When you run your virtual instrument up and down a spine, as you view the backbone through a VR headset, the resistance created by the handheld device or haptic gloves in real time means that you can actually feel the tip of the instrument ricocheting off each vertebra. Muscle memory and sub-millimetre precision is a key aim of this immersive experience since many surgical techniques require an incredibly high degree of accuracy.
A near-infinite array of surgery scenarios can now be performed in VR without harming actual patients, ensuring that learning from medical errors is risk-free. Software and 3D recordings also allow surgeons to review their work visually, with real-time feedback, so they can learn from their mistakes.
“We need to shorten the learning curve and accelerate the speed of medical knowledge and skills acquisition. This is where VR and haptics is invaluable.”


Hundreds of data points can now be tracked to provide a level of analysis not previously available. Specific metrics include economy of movement, 3D spatial awareness, surgical gaze, respect for tissue and human factors, such as dealing with adverse events and complications.
The focus is now on value-based care: we want to speed up the adoption of new procedures and products.Innovations and greater complexity to do with surgical devices, robotics and new drugs is also driving the need for a new approach to surgery. We need to shorten the learning curve and accelerate the speed of medical knowledge and skills acquisition.

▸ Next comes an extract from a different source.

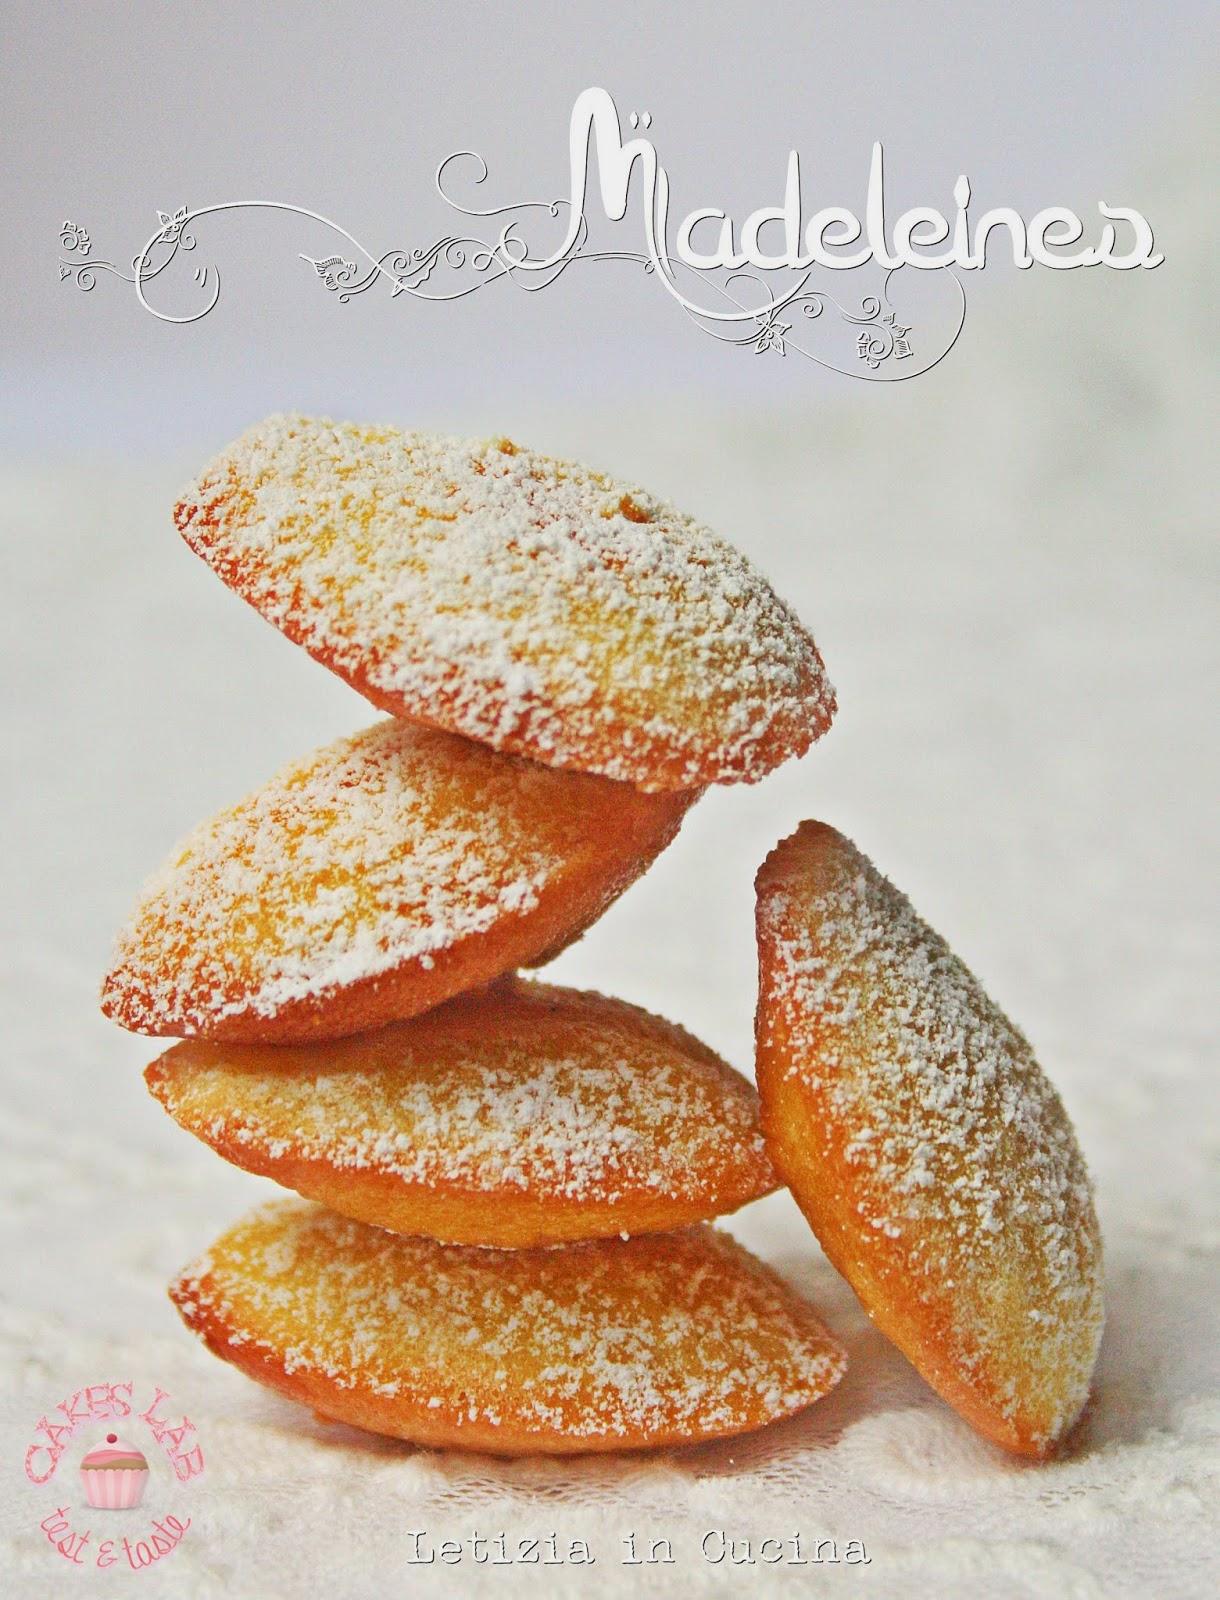 Letizia in Cucina: Madeleines - Cakes Lab

This is where VR and haptics is invaluable,” says Vincent, whose scaling operation employs more than 100 people globally.
“Our Fundamental Surgery platform is the first in the world to combine VR, haptics, deep data, AI and multi-modal learning. We are also helping Life Science companies accelerate the safe and compliant introduction of medical innovations,” says Vincent. The simulations created by FundamentalVR have so far received accreditations from the prestigious Royal College of Surgeons and American Academy of Orthopedic Surgeons.
“Focusing on software and cloud solutions means we are hardware agnostic. This allows surgeons and teachers to adopt new headsets and devices when they are released. We have future proofed our solution. At the same time medical professionals around the world can use equipment that is readily available to them locally.”
The aim is to scale surgical simulations so they are easily accessible, particularly in developing countries that use off-the-shelf, low-cost equipment. That way surgical students even in the remotest areas of the world can train. Haptic devices are also small enough to fit inside a flight case – portability matters if surgical knowledge is to be delivered to isolated regions.
The future looks bright. VR and haptics are already supporting ophthalmology and regenerative therapies, as well as robotic and orthopaedic medical disciplines. Future simulations will support general surgery, as well as emerging procedures.
“Combining immersive VR with cutting-edge haptics and AI at scale.”
The development of 5G infrastructure should increase the power, quality and reach of immersive solutions in this field. New types of virtual reality training will also be needed as robotic surgical interfaces, patient specific modelling and new procedures around genomic and regenerative gene therapy are developed.
“As the use of immersive solutions continues to grow, the industry will need to develop new content delivery channels to meet capacity. Rather than multiple systems, a single interface and access points for users will emerge – a Netflix of medical education. We want to be there delivering at the forefront of this. It will not only train the surgeons of tomorrow, it will also help to save many more lives,” says Vincent.